488 Views, 7 Favorites, 0 Comments

AR_Glass

demo.jpeg

With the rapid growth of the OpenClaw open-source ecosystem and cloud-based large language models, the AIoT industry is entering an unprecedented era of opportunity. Our team has long been dedicated to ESP-series development, accumulating extensive experience in embedded image processing and edge computing through the ESP-Claw project. A natural question emerged: Could we integrate ESP-Claw's lightweight AI capabilities into AR glasses, transforming the glasses themselves into an intelligent perception terminal?

This is the origin of our project. Rather than accepting AR glasses as mere "passive displays," we are attempting to let the ESP-Claw controller directly drive the optical module, completing the full pipeline of image acquisition, AI inference, and information overlay on the glasses themselves.
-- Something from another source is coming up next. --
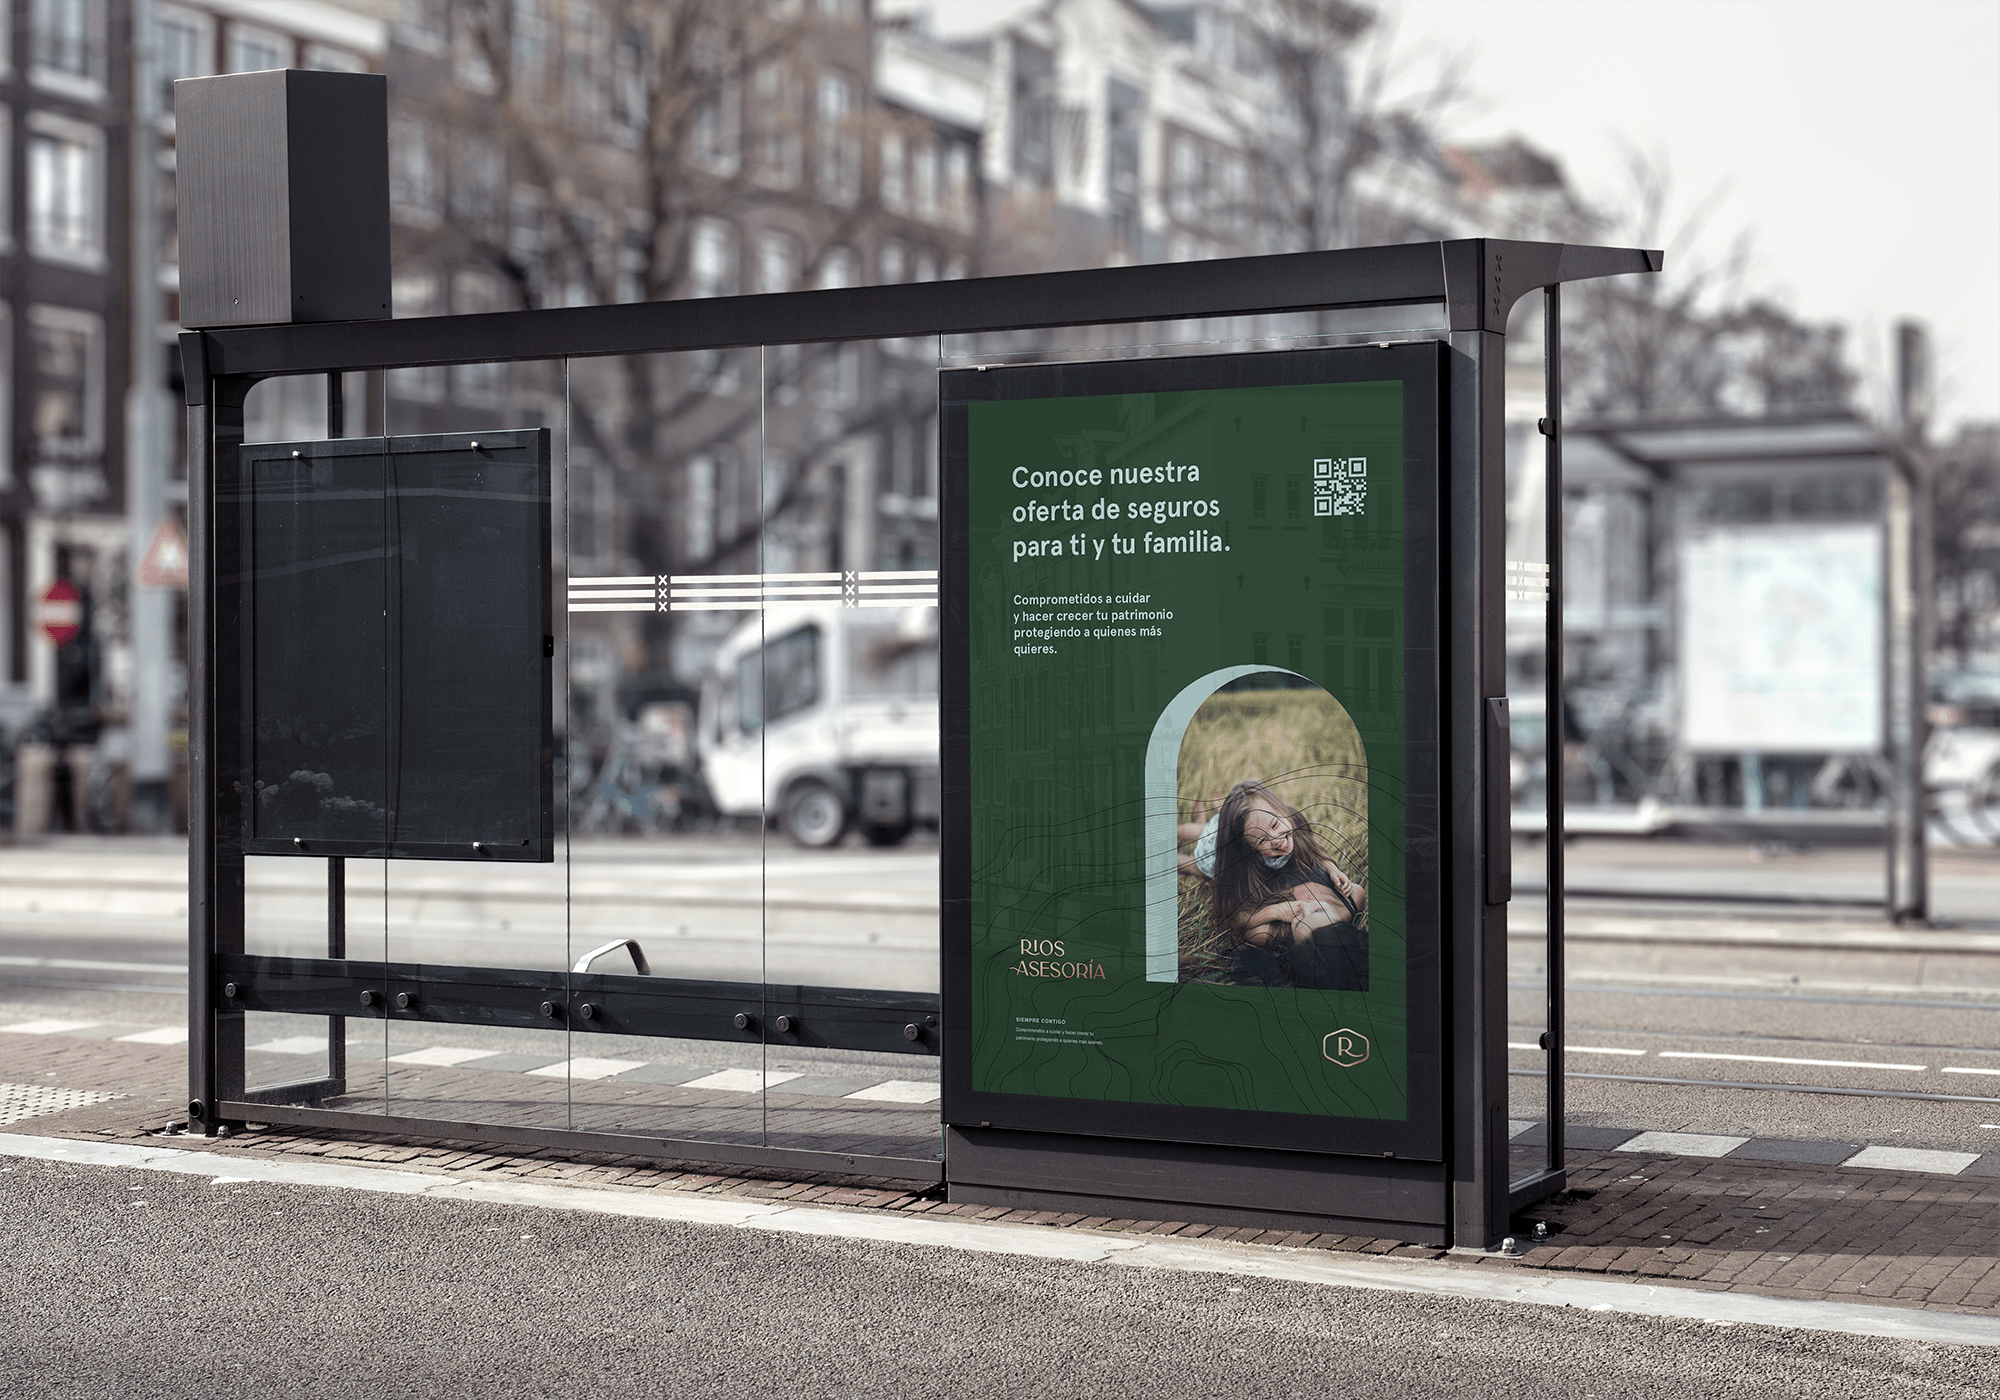 billboard-posts-rios-asesoria-yoenpaperland
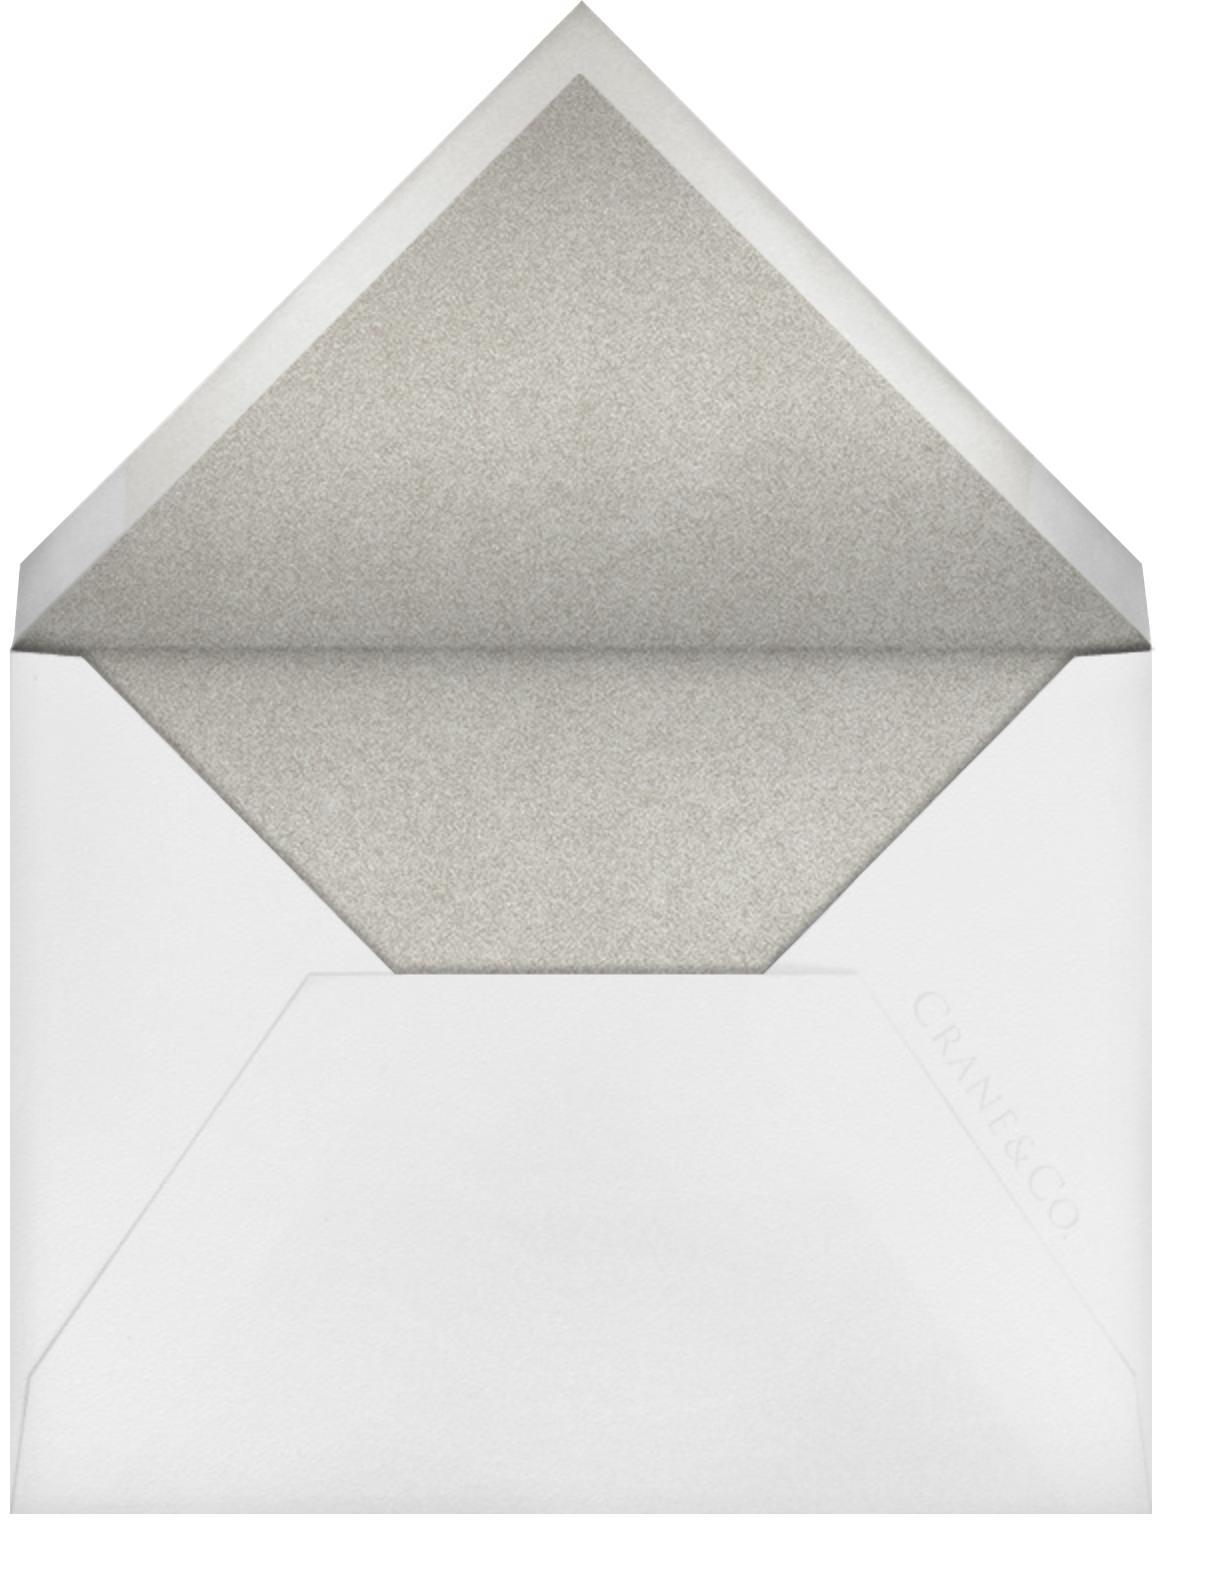 Vine Menorah - Platinum - Paperless Post - Hanukkah - envelope back

Cloud-based large models provide powerful backend support (such as remote model updates and complex task offloading), while ESP-Claw handles latency-critical perception tasks locally. Together, they create a truly intelligent pair of glasses for the AIoT era.

This project is a low-difficulty, easy-to-replicate, and highly practical open-source smart AR glasses build, with a total cost kept under 1,000 RMB. It is suitable for hobbyists and makers, and welcomes commercial secondary development.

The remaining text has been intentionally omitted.